И тут я заторопился в наш новый машинный сарай, чтобы еще до наступления темноты прочистить дисковый бороздник, а может, еще бороны и плуги.
С наступлением темноты я охотнее всего остаюсь дома, лежу на постели или сижу в коричневом кресле, его подарил мне шеф много лет тому назад, отблагодарив за услугу, которую я ему будто бы оказал. Свет я зажигаю редко, на оба автоматических замка я могу смело положиться. Но участки молодых растений, бесконечные шпалеры хвойных и лиственных деревьев брошены тогда на произвол судьбы, и все наши посадки словно склоняются в ожидании лесовика с крюком, которого я так часто видел во сне: небольшого роста, босой, с крюком в руке, он тихо проходит рядами наших посадок и по плану, только ему известному, надламывает молодые стволы. Чаще всего я жду, пока не свистнет локомотив, который далеко за нашим древесным питомником тянет состав по холмистой местности, в Шлезвиг, и тогда решаю, что однажды тоже соберусь в путь, чтобы увидеть город.
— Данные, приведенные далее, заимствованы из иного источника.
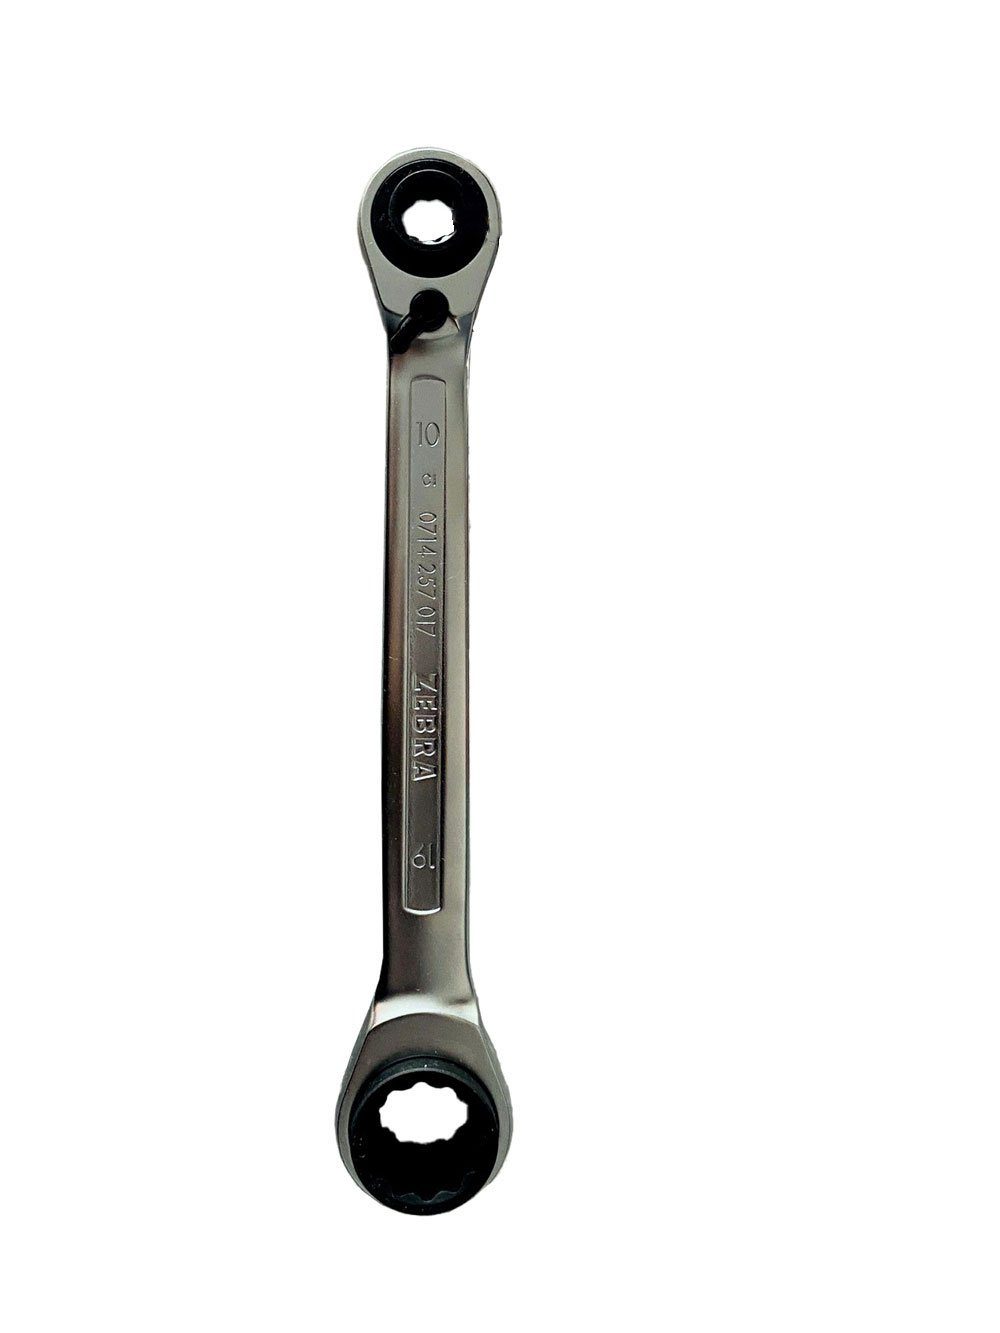 Ratschenringschlüssel Doppelring- 10 Würth 13 x17mm (1 1 + Ratschenschlüssel Würth 4 Metrisch St) in x19
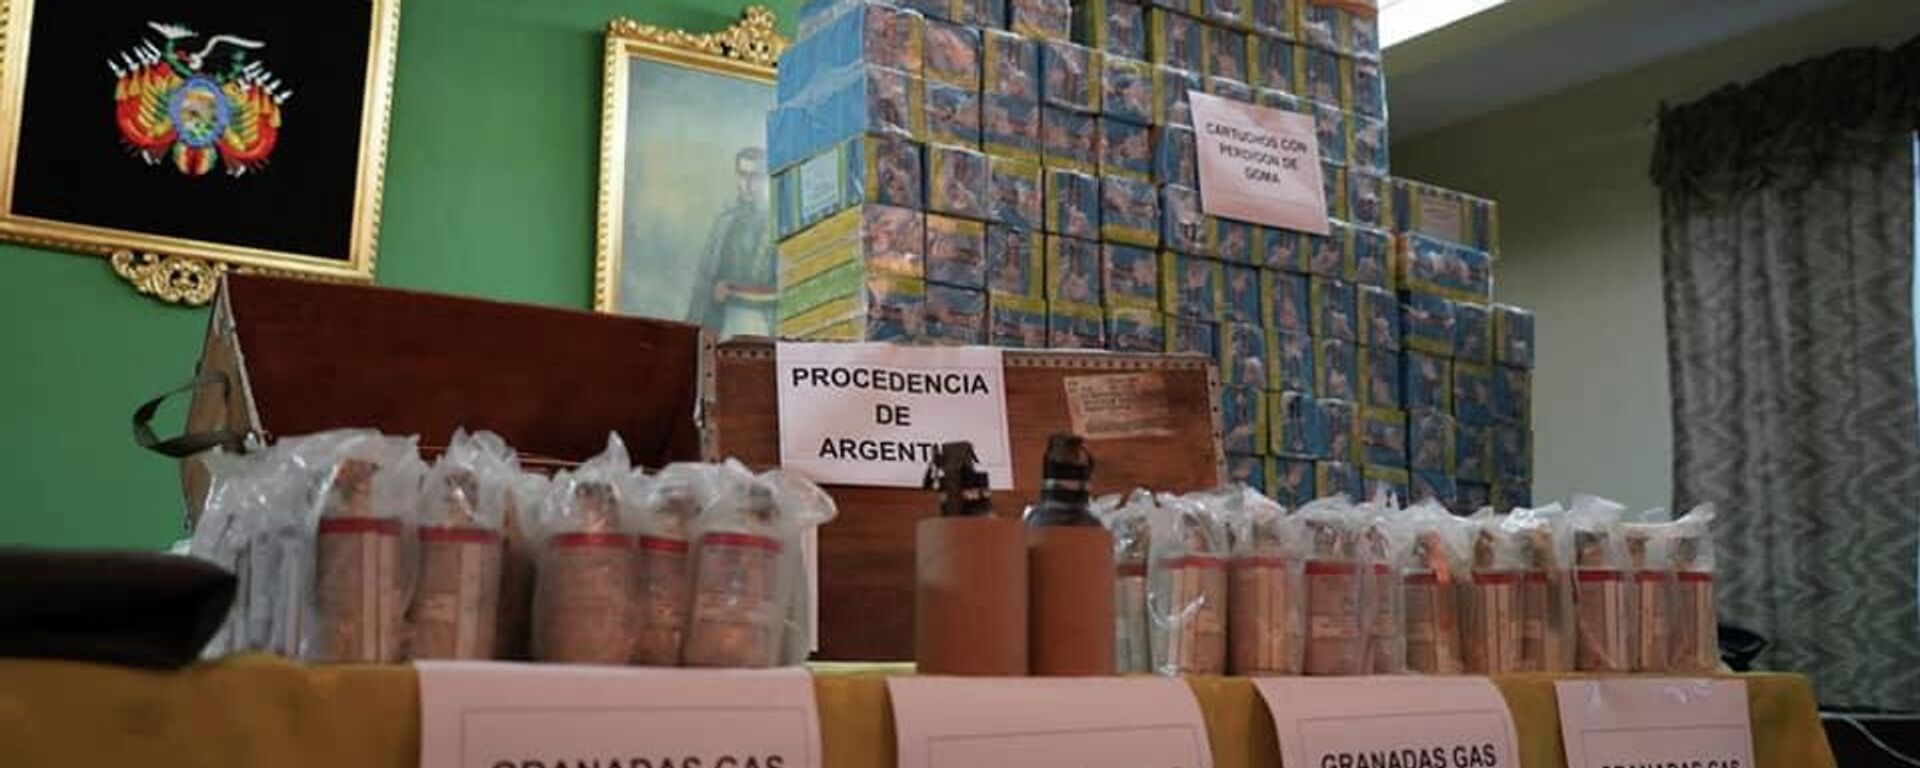 El Gobierno de Bolivia exhibió las municiones y confirmó que hubo tráfico ilícito desde Argentina - Sputnik Mundo, 1920, 19.07.2021

В хорошие времена Магда приносила мне булочки и куски ветчины, которые считались подсохшими; хотя я видел, как тень Магды отделялась от большого дома, я ждал, пока она не постучит семь раз, и открывал, только когда она показывалась в окне. Ей доставляло радость смотреть, как я ем, и она удивлялась, как быстро я со всем справлялся. Очень часто после этого она подставляла мою ладонь под лампочку, чтобы прочесть по линиям руки мою судьбу, и всегда в одном определенном месте вздыхала и сердито качала головой, оттого будто бы, что там не хватает какого-то бугорка и какой-то перекресток сбивает ее с толку. А это, считала она, уже причина, чтобы быть со мной настороже; и все-таки она иной раз оставалась со мной до утра, клала руку мне на грудь, дышала мне в шею. Не понимаю, почему она все снова и снова спрашивала меня о моих родителях, я же ей не раз говорил, что, когда потонула большая десантная баржа, их желтый плот унесло волной, а я барахтался среди солдат и лошадей до тех пор, пока к нам не подгреб старый колесный пароход «Штрадауне».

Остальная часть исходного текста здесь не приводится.